● **Work required**
Quote the listing below in its entirety, omitting every image.

● **Dataset excerpt**

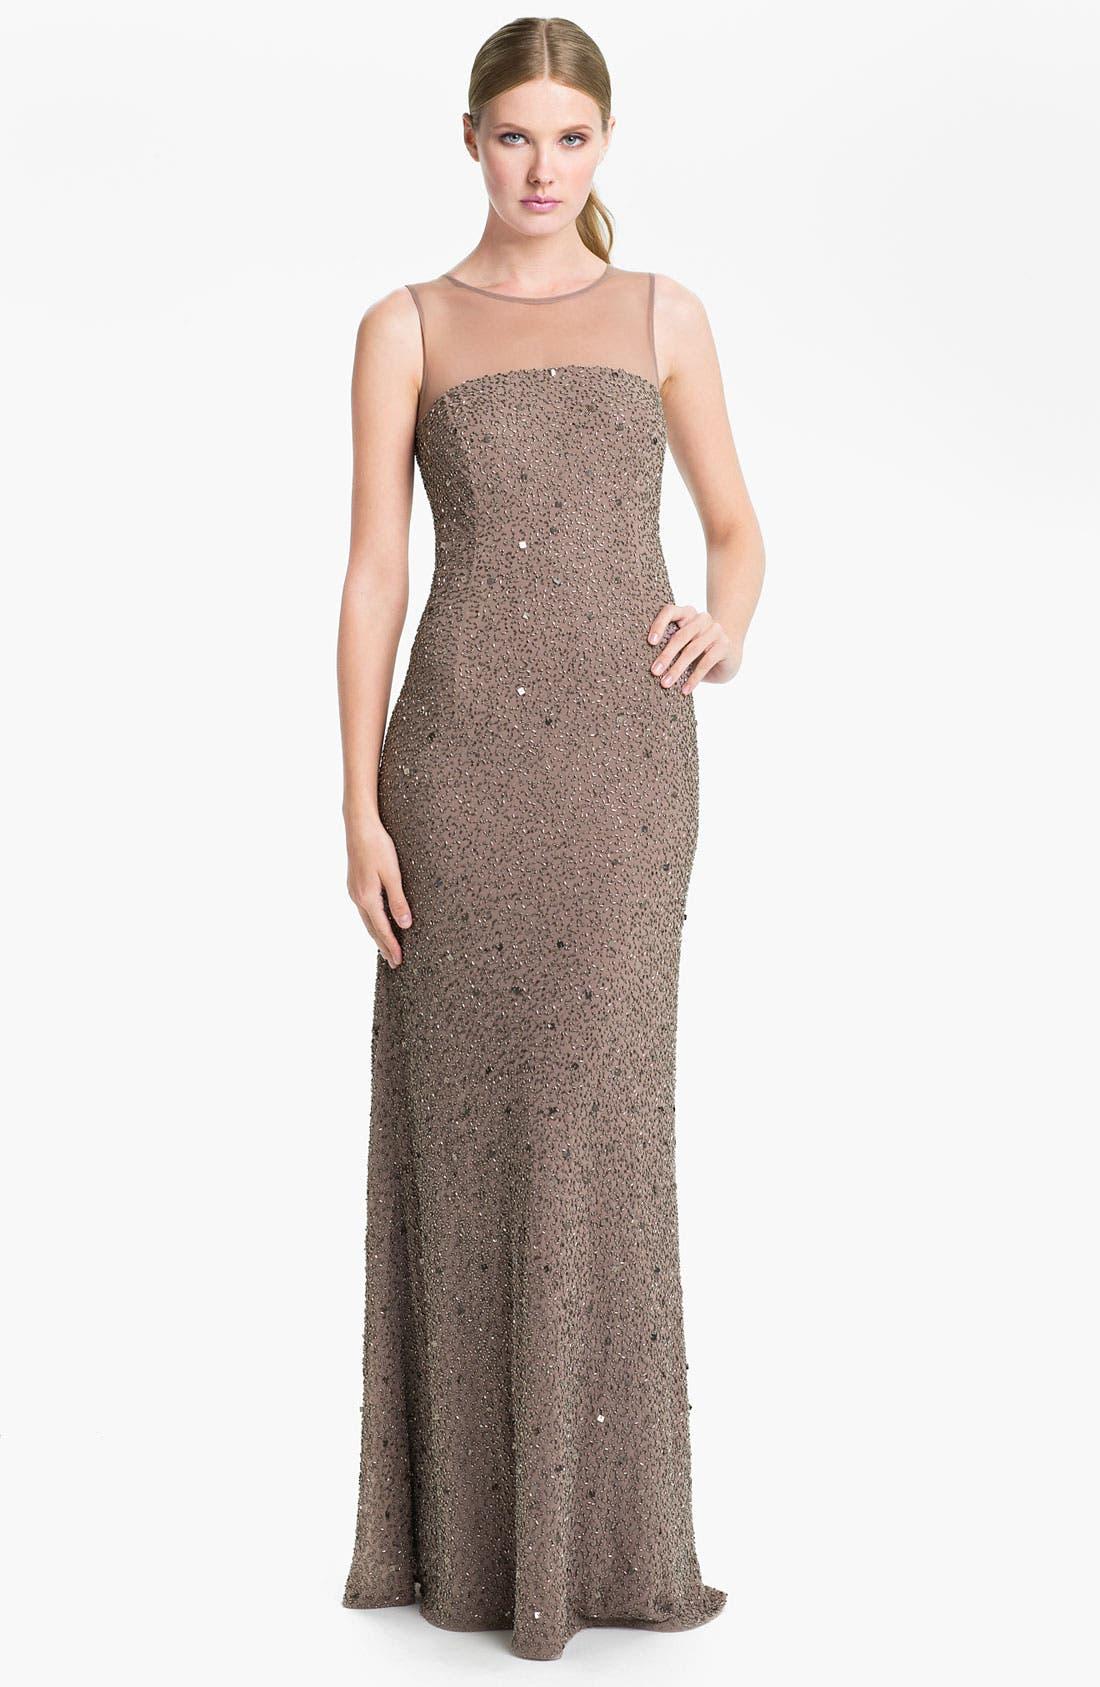 Main Image - Adrianna Papell Illusion Yoke Embellished Chiffon Gown
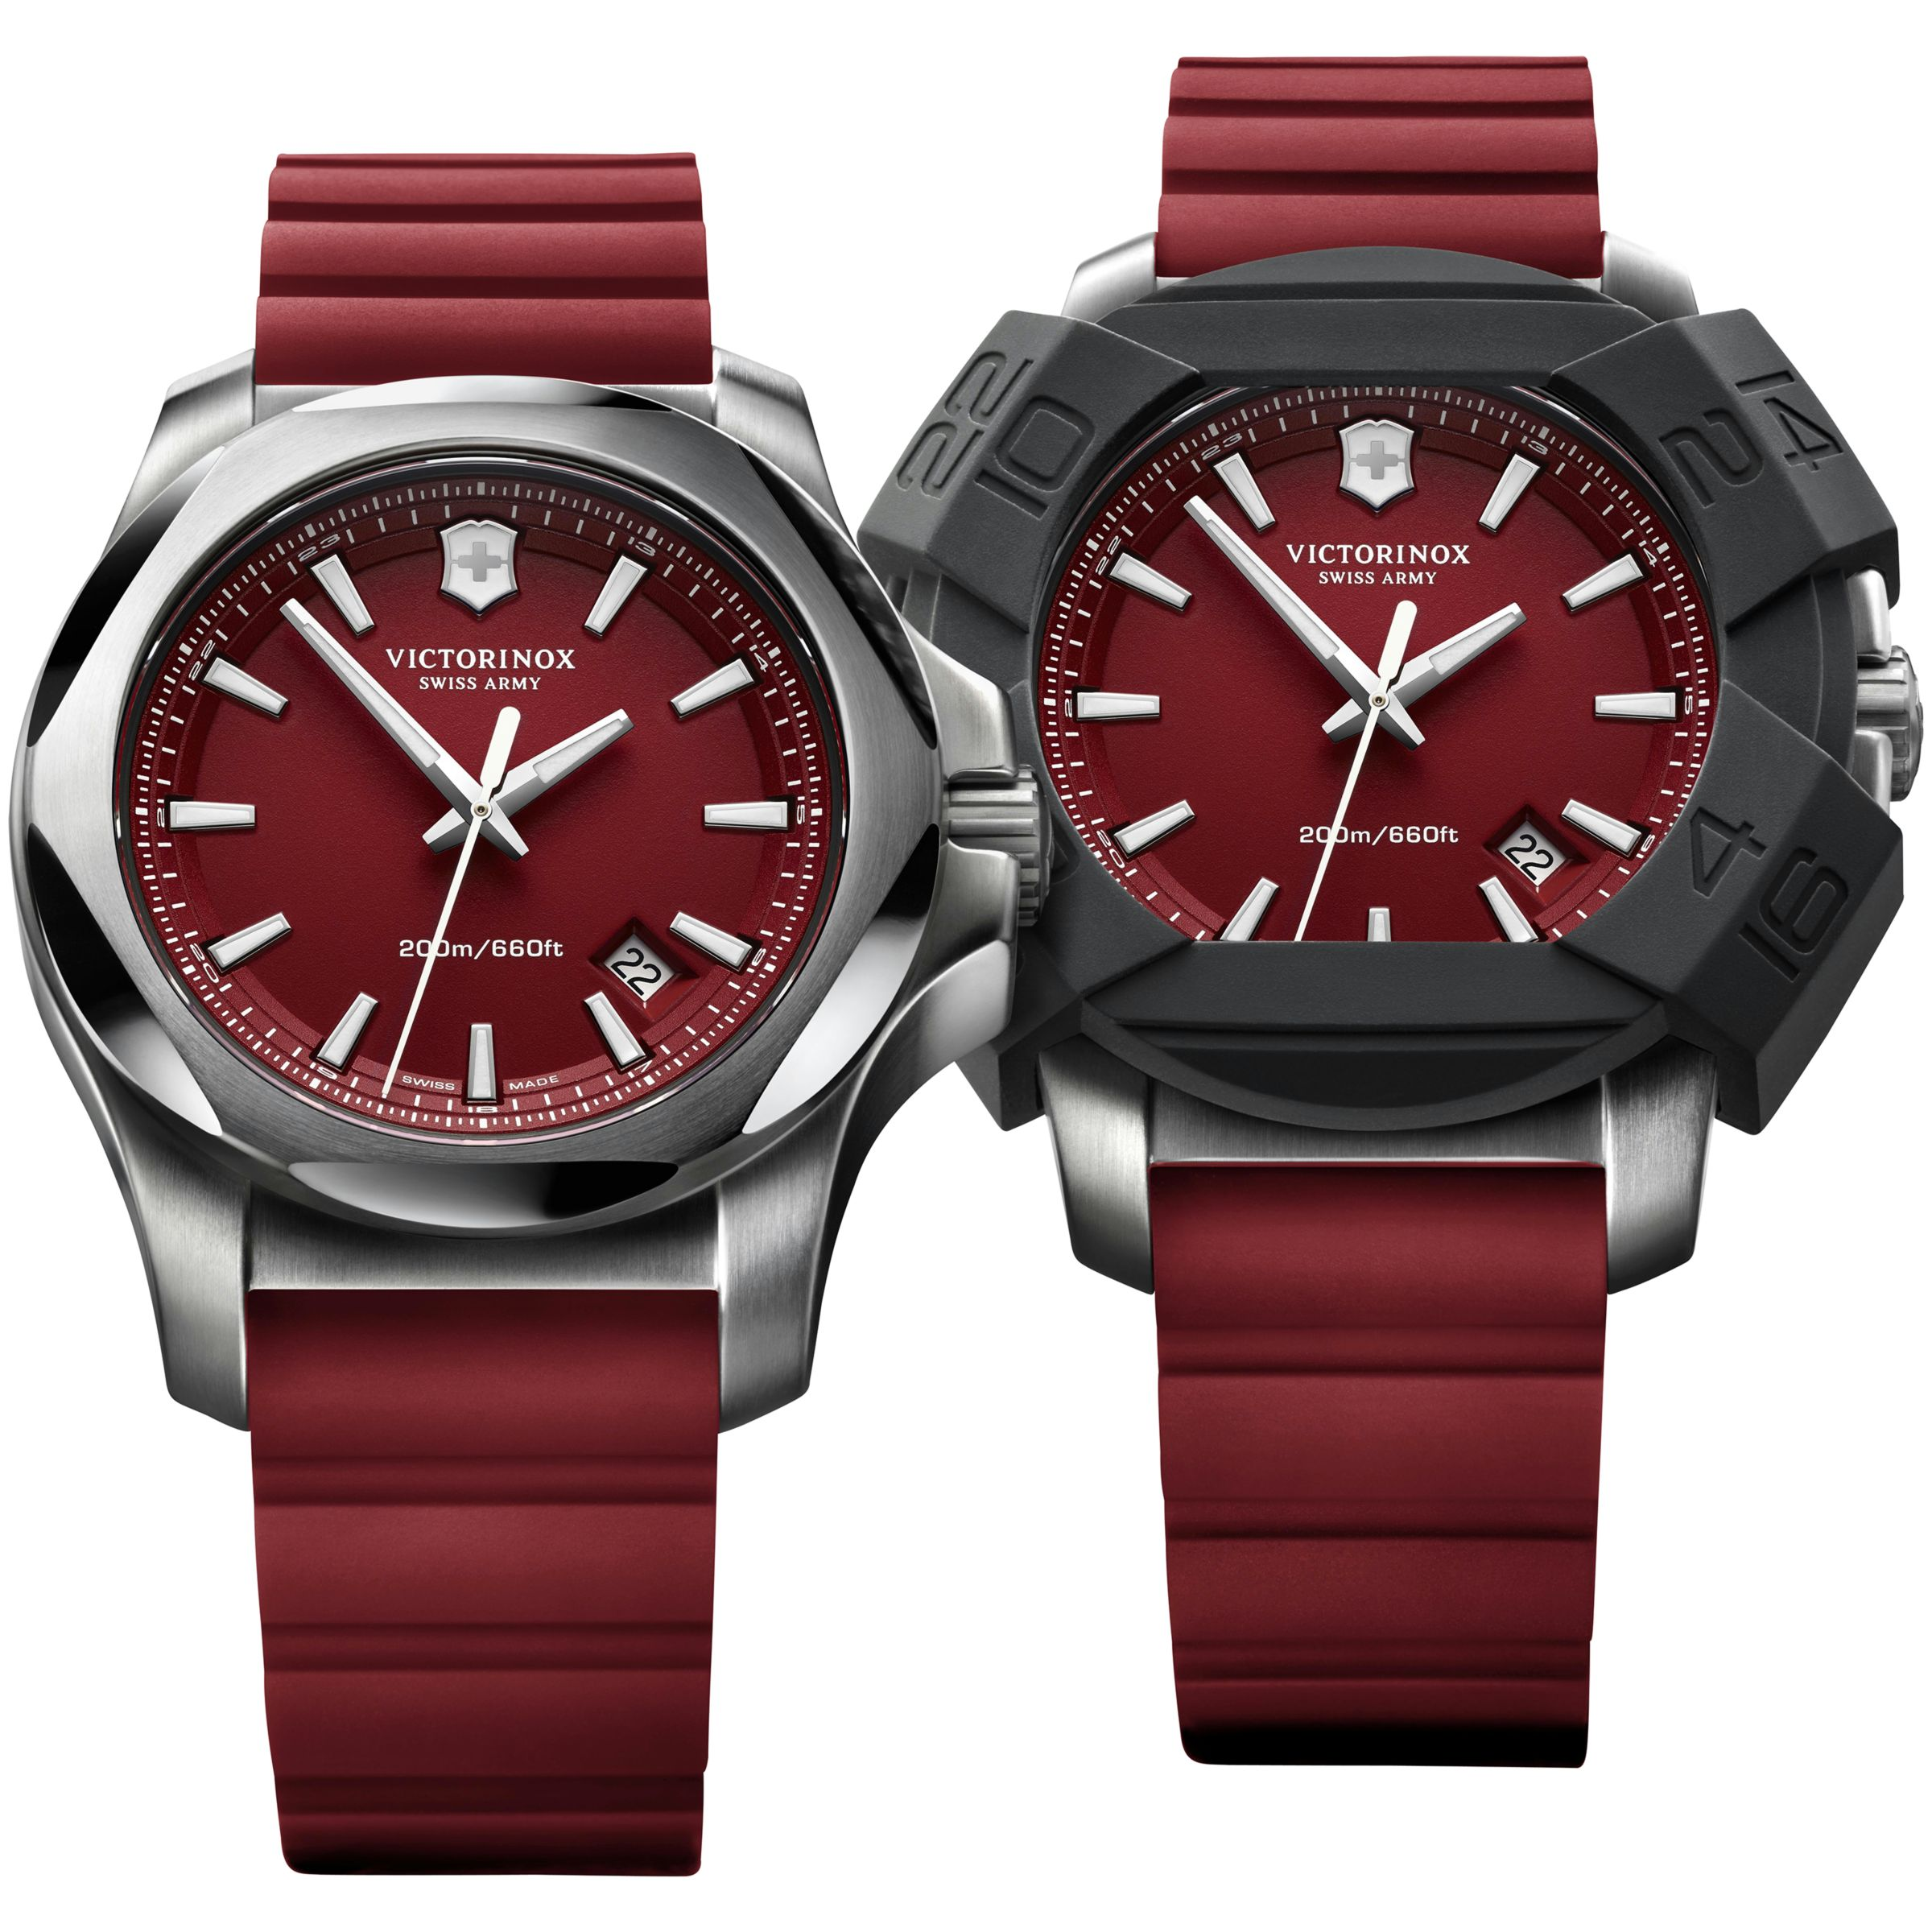 Victorinox Victorinox 241719.1 Men's I.N.O.X Rubber Strap Watch, Red
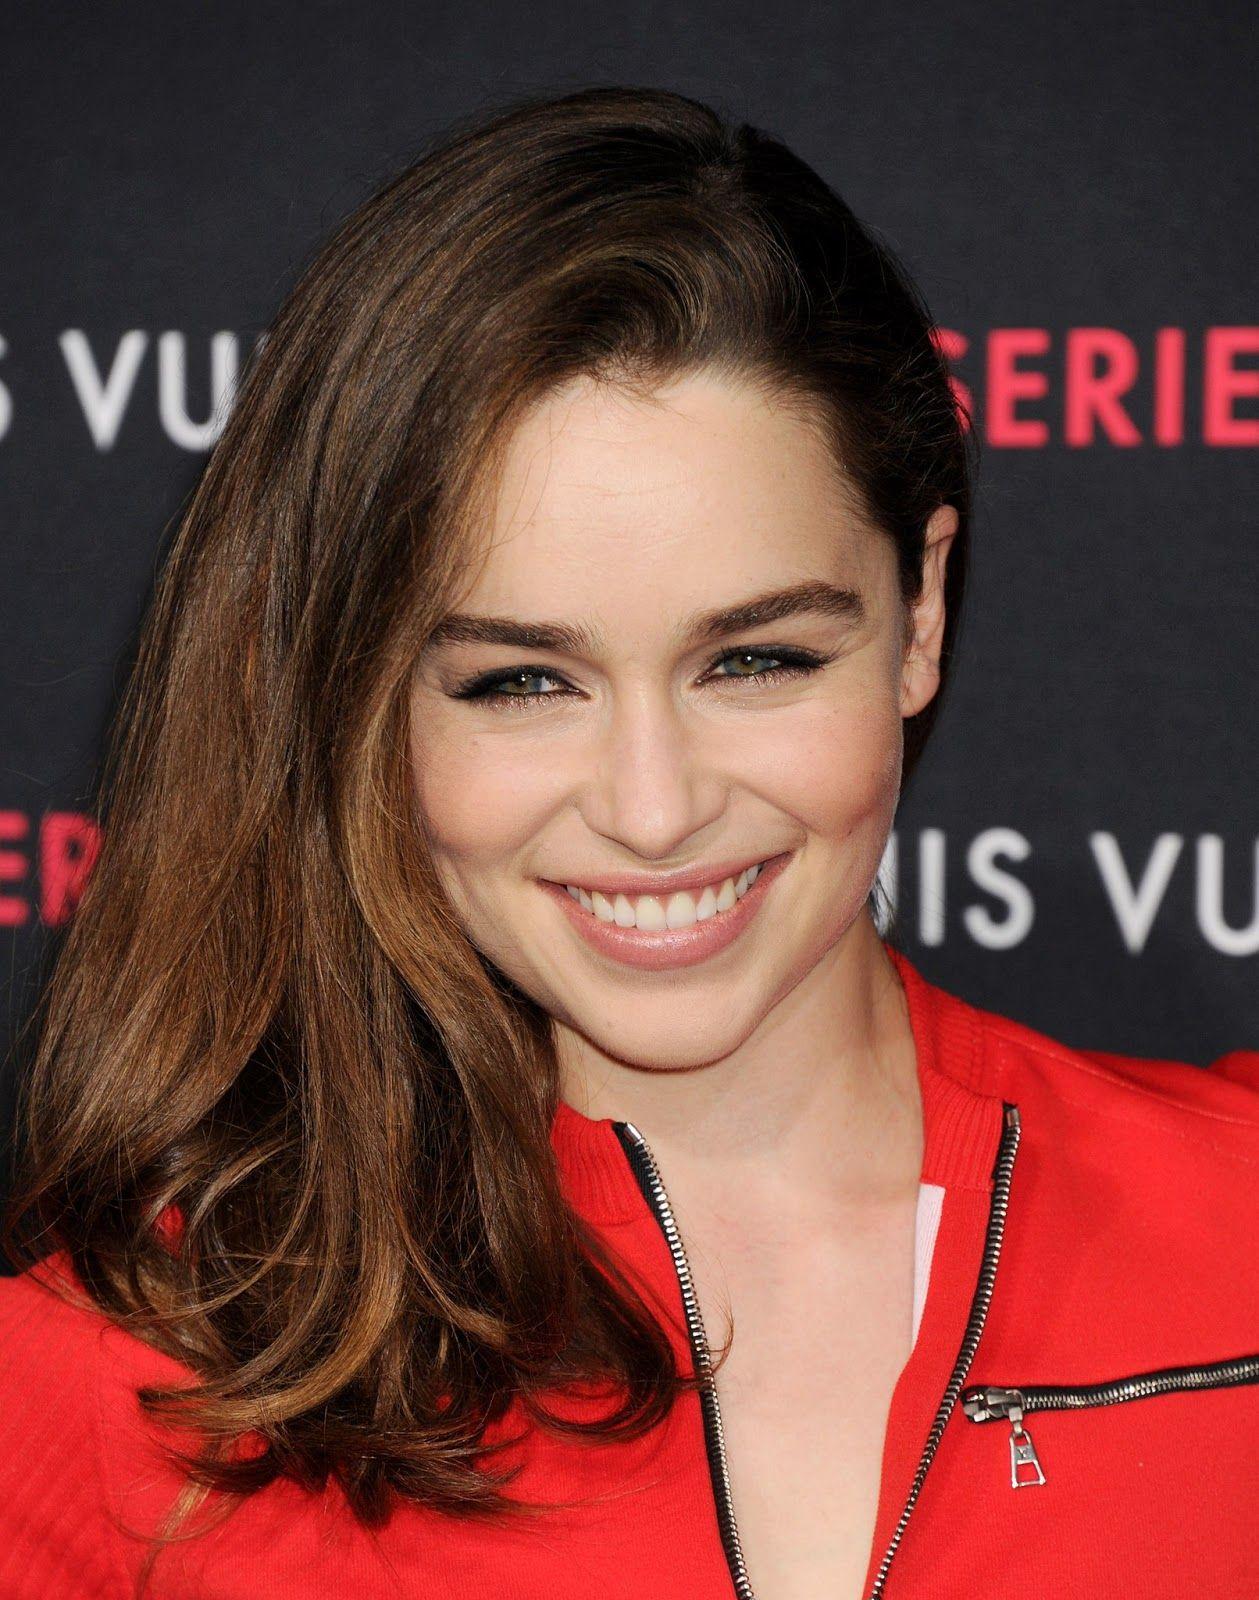 Terminator Genisys Actress Emilia Clarke Full HD Images ...

● **Reply to the task**
 Main Image - Adrianna Papell Illusion Yoke Embellished Chiffon Gown
 Victorinox Victorinox 241719.1 Men's I.N.O.X Rubber Strap Watch, Red
 Terminator Genisys Actress Emilia Clarke Full HD Images ...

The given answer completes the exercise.